Apple is the largest company on Earth by market cap, and its success is derived from selling brand-new high-end smartphones consistently month after month. At the peak of its iPhone business, back in 2015, Apple sold a staggering 231.5 million smartphones. Though sales have begun to slow, that one device alone still accounts for more than 50 percent of Apple’s entire business. The company’s second quarter earnings results for 2017, reported on Tuesday, showed a quarterly profit of $8.7 billion, a majority of which came from the sale of 41 million iPhones.
But one of the reasons Apple can sell so many new devices is that we keep tossing aside our old ones, either because the battery life has grown worse or a new, more advanced model just came out. Advocacy groups say this is by design, and that companies like Apple are keeping supposedly neutral standards bodies from implementing environmentally friendly measures that could increase device longevity and cut down on the number of new units manufactured.

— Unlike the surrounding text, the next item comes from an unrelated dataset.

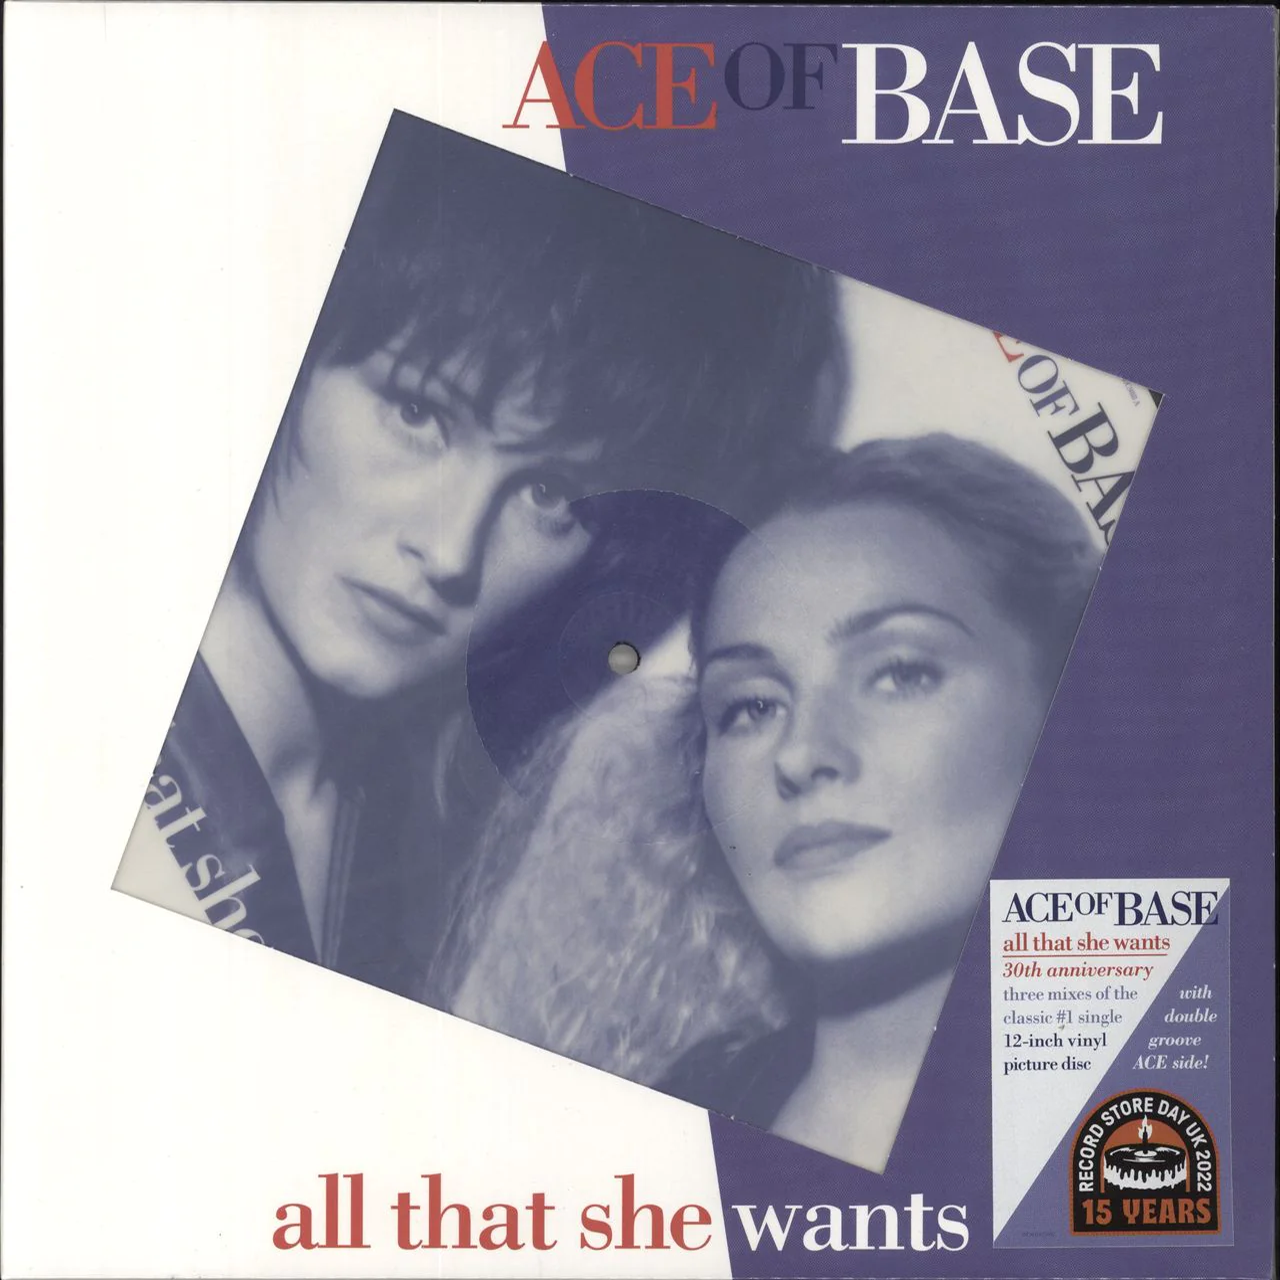 Ace of Base  - All That She Wants (30th Anniversary): Picture Disc Vinyl 12" Single

The iPhone has become emblematic of excessive environmental wastefulness
Apple isn’t alone here, but the iPhone has become emblematic of this mindset and what environmental groups consider excessive wastefulness. The company makes it difficult to repair its products by using proprietary screws, unibody enclosures, and other manufacturing and design techniques that make it so only Apple or computer repair experts can easily take them apart. The company also makes it notoriously difficult to replace its batteries, by gluing them to other components and burying them beneath layers of complex, sensitive parts. Instead, Apple incentivizes consumers to trade in or discard models that are just 18–24 months old for newer ones.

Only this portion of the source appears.